I am definitely not in the get-married and have-babies phase of my life yet. I am still too focused on figuring our my own life! However for some reason I can’t wait to cook and bake for my hypothetical family. Like that’s the most exciting thing for me about having a family! Many of my best memories are associated with a certain dish that would always accompany a special family event, and I think I really want to recreate that warmth for my own kids someday.
If you also share my affection for baked breakfast (say, on a weekend accompanied by a foamy latte), then you’re going to love this recipe. If you’re more of a cereal person, you’ll still like this recipe. If you’re not even a breakfast person (gasp!! why??) then I would 1) ask you to examine your life choices and 2) just give this one breakfast dish a go.
This dish requires a little prep work the night before, but don’t most great breakfasts?
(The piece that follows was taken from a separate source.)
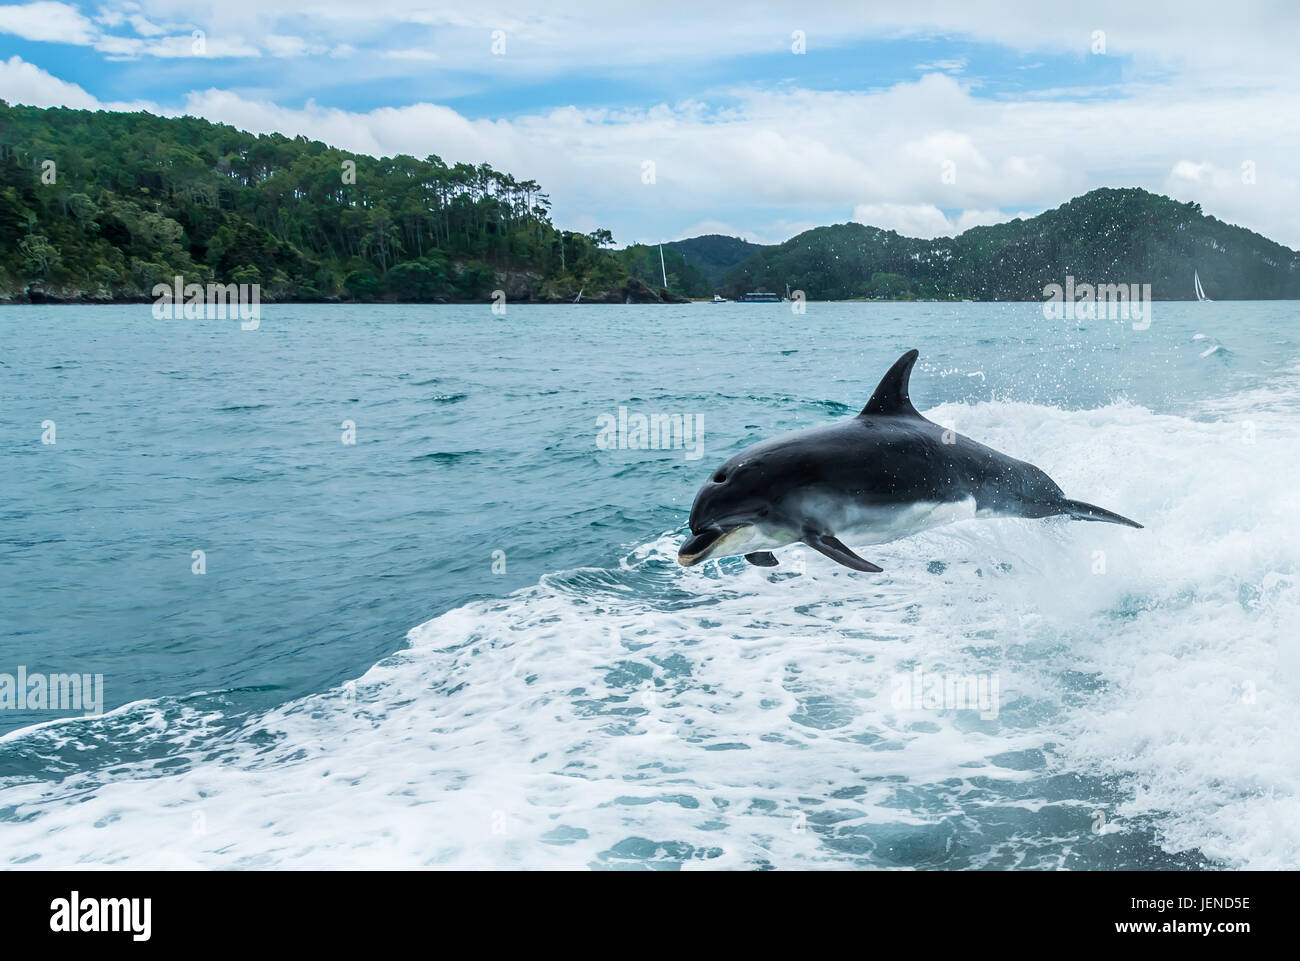 Bottlenose dolphin leaping out of sea, Bay of Islands, North Island, New Zealand Stock Photo

Also, it’s dairy free because I’m trying a dairy free diet (idk if it’s gonna last, I’ll keep you updated on results). But if you want to use dairy then doooo it. Here we go:
- 1 cup brown sugar
- 1/2 cup Earth Balance butter substitute
- 2 tablespoons water
- 3 peaches, washed and sliced into thin wedges (I left the skin on, peel it if you’d prefer to)
- 1/4 cup sliced almonds
- 6 slices whole-grain bread
- 5 eggs
- 1 tablespoon vanilla extract
- Ground cinnamon for sprinkling on top
- In a saucepan the night before, stir together the brown sugar, Earth Balance and water. Bring to a boil, then reduce heat to low and simmer for 10 minutes, stirring frequently.
- Pour the brown sugar into a 9×13 baking dish, and tilt dish so that mixture covers entire bottom. Sprinkle almonds on top.
- Layer the peaches over the sugar coating, then top with slices of bread.
- Whisk together eggs and vanilla in a bowl. Carefully pour egg mixture over bread slices so that the bread is evenly coated.
- Sprinkle the top with desired amount of cinnamon.
- Cover and refrigerate overnight.
- Wake up and get excited!
- Remove dish from refrigerator about 30 minutes before baking. Preheat oven to 350 degrees F.
- Bake for 25-30 minutes until the bread is golden brown. Dig in!!